• Michael Skalka

We All Scream for Ice Cream



Do you remember where and when you were the first time you saw and had an opportunity to use art materials? Were you immersed in the sense of awe and wonder about the materials you were able to touch and use? A new tube of paint, an unopened box of colored pencils, a set of virgin pastels all laid out in hue order, provide a thrill to the senses, a call to create something wonderful.


I always felt it would be ideal to buy 2 of everything. One to use and the other to keep in pristine condition. This reminded me of the quote by Claes Oldenburg who said,” For a thorough use of ice cream cones, buy two; eat one and drop the other. Oldenburg aptly described that the only way to truly understand the totality of experiencing an ice cream cone is to enjoy one and feel the pain of seeing the other one fall to the ground.


My art materials mentor appeared to share Oldenburg’s idea to some extent. When I was introduced in 1992 to Zora Pinney, the entrepreneur and driving force behind the art materials retail store called “Zora’s.” in Los Angeles, she had the insight and means to embrace the use as well as the long-term preservation of art materials. She put aside one box of each product she ordered for the store and saved them with the hope of donating them to a museum’s conservation department so that the art materials would serve as the basis for analytical study should the need arise. The overarching idea is that if a problem with a painting is discovered sometime in the future, analysis of the same paint used by the artist could help to diagnose the problem and serve as a road map for the treatment of the work of art.


Thus, the core of the idea for the Art Materials and Study Center was born from the initial gift provided by Zora in the summer of 1993. I still remember the joy of packing up her collection in California and then opening large boxes filled with art materials as the collection was unpacked, sorted and cataloged in the National Gallery of Art in Washington, DC. A number of items were very familiar to me having seen them when I first started shopping when I was young at a local art materials store in a nearby town. Tubes of Liquitex acrylic, Grumbacher Finest Oils, Bocour Acrylics, Winsor and Newton


Designer’s Gouache, Blockx Oil Colors.

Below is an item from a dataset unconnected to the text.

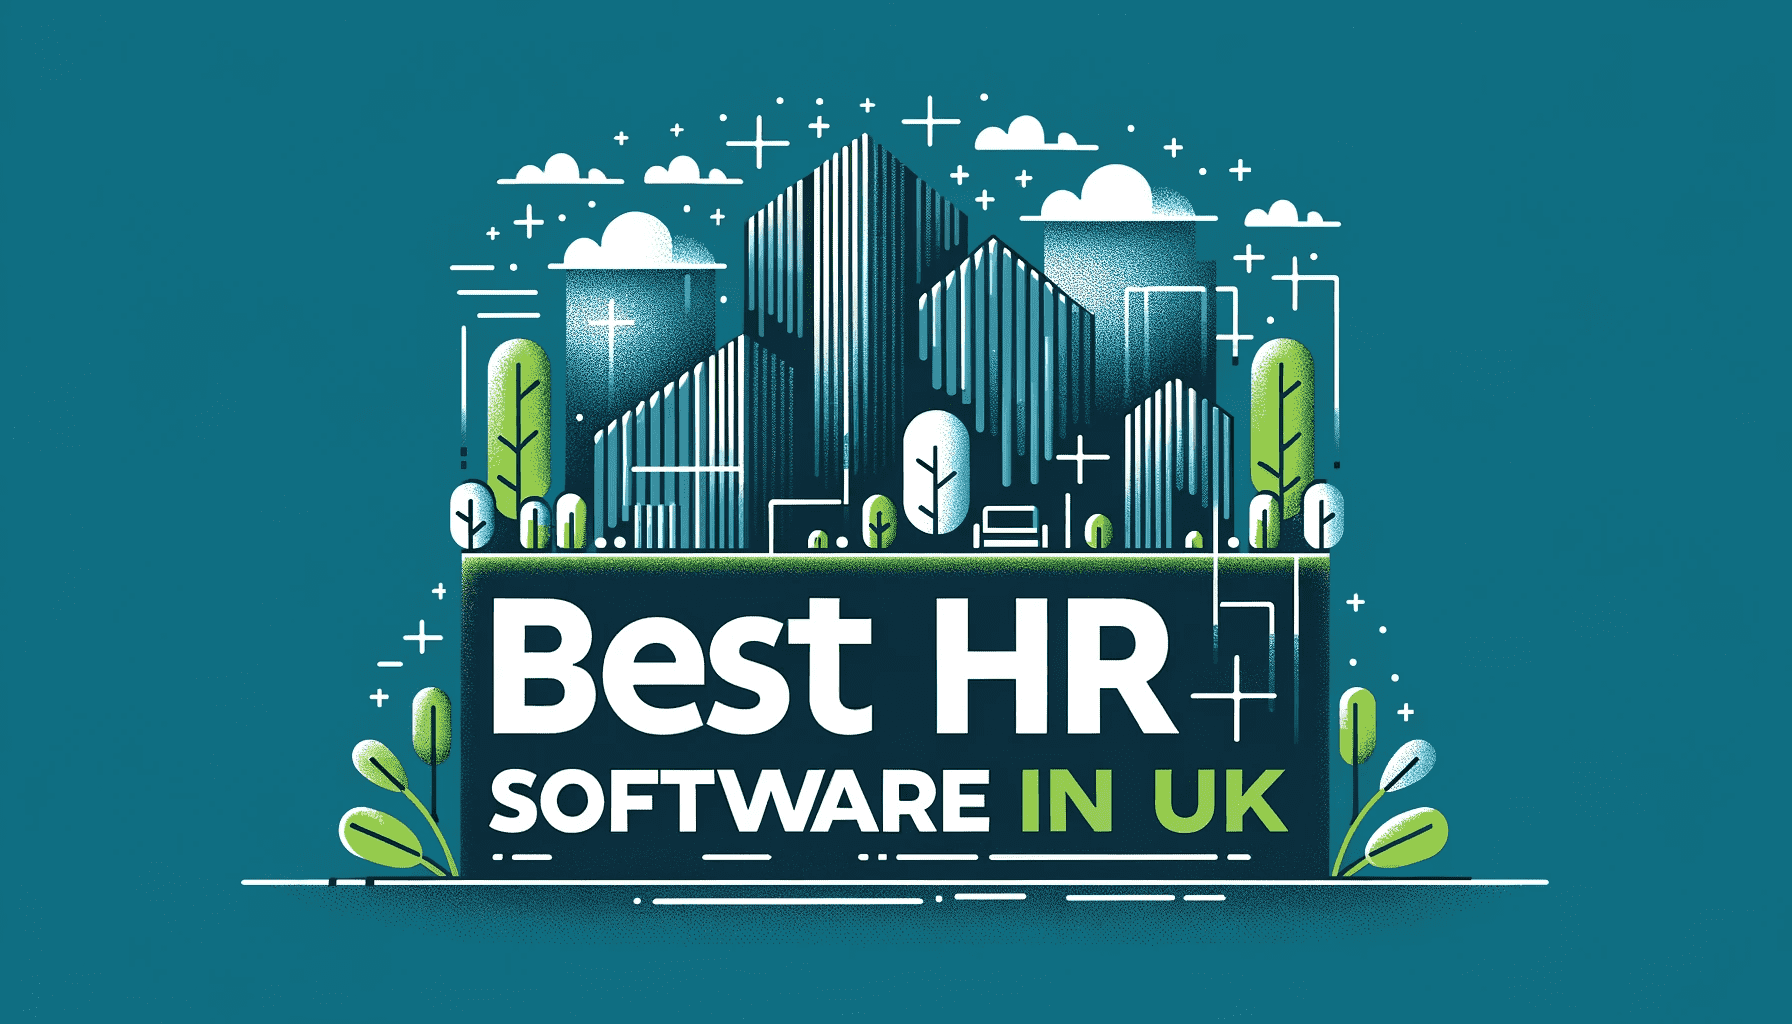 Paperless HR Software for Small Business UK

The list could go on and on.


Yesterday, May 4th, I acknowledged with my family, the height of science fiction geekiness, (you either get it or you don’t) and I reminded myself of how I came to become an art materials geek as well. For me, art materials embrace creativity bound inside a physical container. Imagine an art historian discovering unused or half-used tubes of Vincent van Gogh’s paints and thinking what amazing works of art would have been born from those unused paints for the world to enjoy? I always had a mix of elation and sadness when working with the contents of an artist’s estate. Hundreds of items, fragments of drawings, tape, bottles of mixed paints, pens, erasers all silent and static. The energy of creativity that once surrounded these objects now gone.


I have had the privilege of being able to study and understand the history of art materials and as I write more Syntax essays, I hope to convey that sense of wonder about creating works of art from the viewpoint of the history of materials that artists use to express themselves.


Perhaps some day when I visit a Cold Stone Creamery, (preferably the one in Seal Beach, CA) I might dare to reproduce Oldenburg’s message that evokes a gamut of emotions and experience the full range of pleasure and sorrow that is part and parcel of eating an ice cream cone on a hot summer day.


Going further, perhaps the ice cream cone analogy is the essence of the tightrope we walk when we create a work of art. The possibility of triumph and tragedy must exist together. The potential of failure curbs any tendency to become complacent about making art. How sweet it is when everything falls into place and our efforts yield an amazing finished product.